Our task involves open-ended answer generation in medical contexts, where multiple correct and clinically valid responses may exist. In such settings, traditional metrics such as BLEU and ROUGE, which rely on N-gram overlap with reference answers, are often inadequate. These metrics fail to capture semantic consistency when answers are phrased differently yet medically equivalent, and are also highly sensitive to variations in response length. To address these limitations, we employed GPT-4 (gpt-4-0125-preview) for automatic evaluation, a method shown to be highly effective in previous research. To ensure evaluation accuracy, we adopted a reference-based model evaluation approach, where the LLM refers to the provided reference and scores responses based on predefined criteria. These scoring standards include: Accuracy (assessing the correctness and reliability of the information), Coherence (evaluating the clarity and logical flow of the responses), Relevance (measuring how closely each response addresses the prompt), and Thoroughness (judging the depth and completeness of the response in covering the topic). During evaluation, we applied Chain-of-Thought (CoT) prompting both in response generation and in the LLM-as-a-judge scoring process. We did not use any external augmentation techniques, such as retrieved rationales or tool-assisted reasoning. The evaluation was performed using GPT-4, accessed via the official OpenAI API with default inference settings. To support reproducibility, we provided the full evaluation prompt in Supplementary Figs. 1 and 2.

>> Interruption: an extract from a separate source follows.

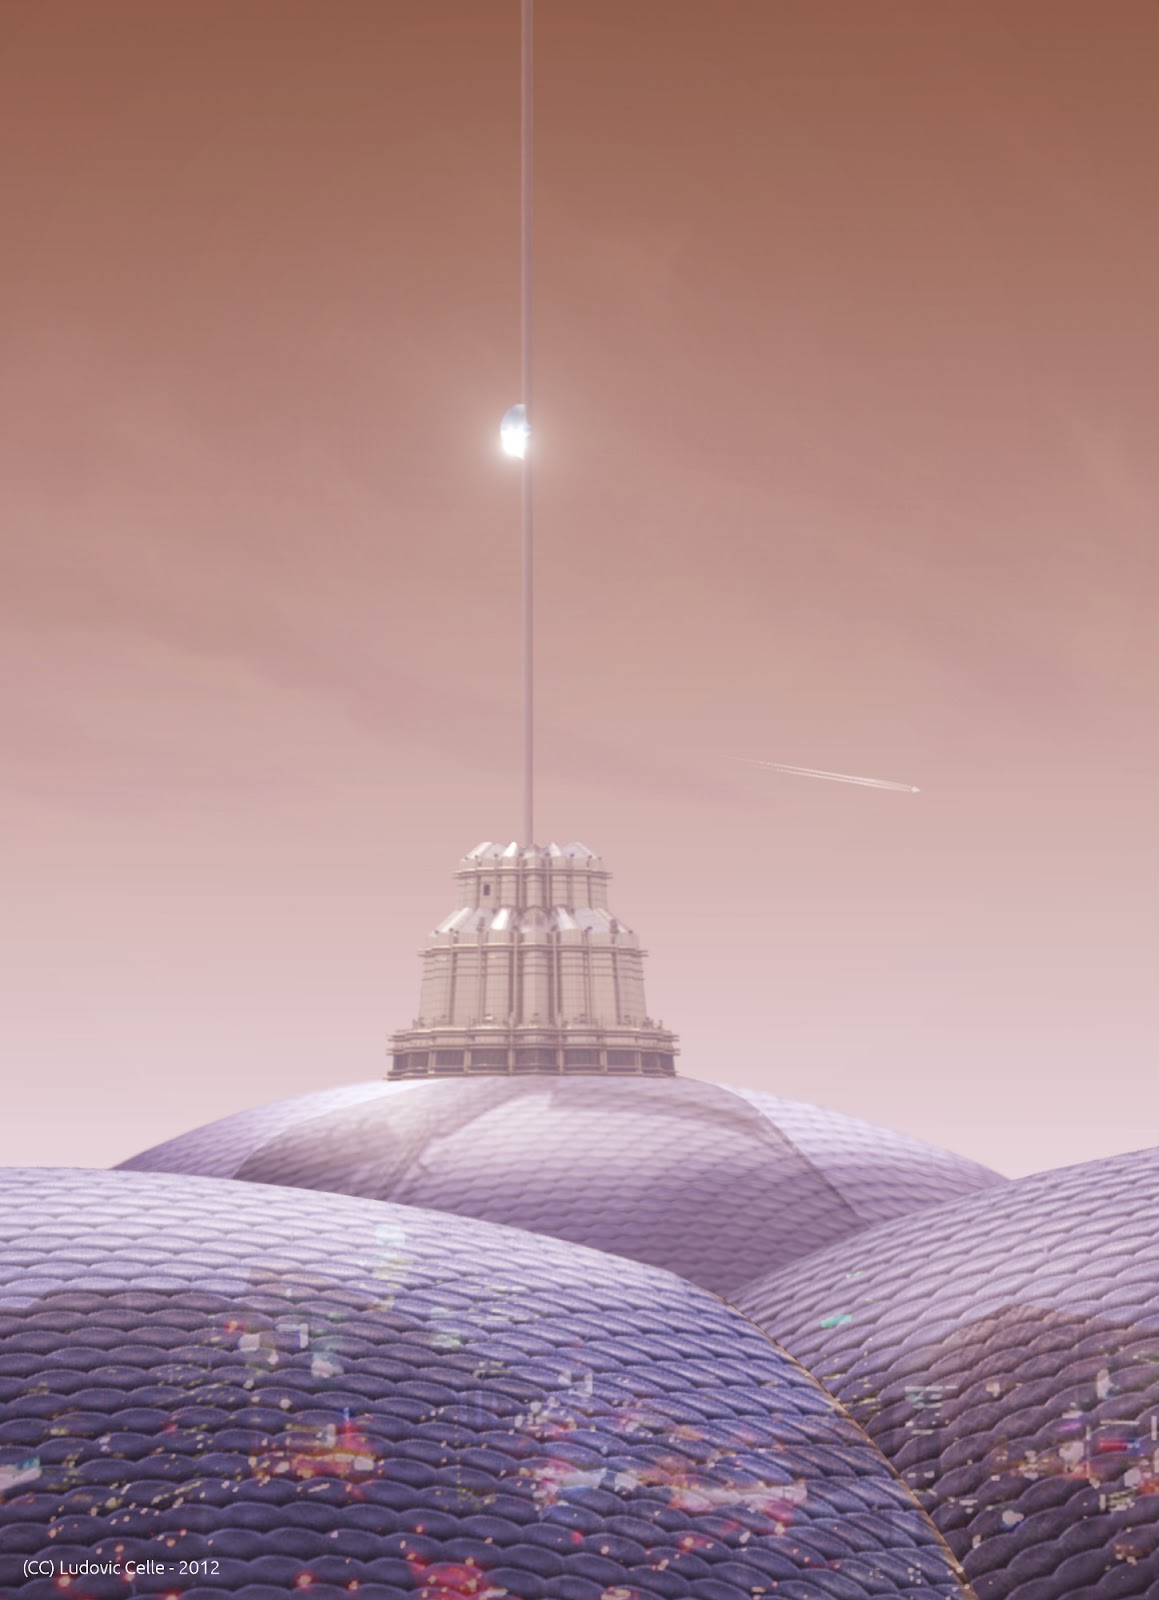  Artist’s impression of a space elevator connecting to the domed over city, Sheifeild, located on Pvonic Mons in Kim Robinson’s Mars trilogy. Images retrieved from:  http://davinci-marsdesign.blogspot.com/2012/04/sheffield-and-space-elevator.html

To balance accuracy and resource constraints, we conducted human evaluation on a subset of models. For DoctorFLAN-test, which contains 550 questions in total, we divided them into six roughly equal parts, with 91 or 92 questions per evaluator. Each evaluator was assigned a set of questions and tasked with rating the responses of all six models for each question, ensuring a fair and consistent evaluation across all models. The evaluation team consists of six healthcare professionals with varying levels of experience: three mid-level professionals with 5-6 years of experience, two associate senior professionals with 12 years of experience, and one senior professional with 26 years of experience. Evaluators are compensated based on their professional seniority, with senior professionals receiving an hourly rate of 250 RMB, while mid-level professionals were paid 165 RMB per hour. For DotaBench, we invited three doctors to participate in the evaluation process, with each spending an average of 3 hours reviewing the data.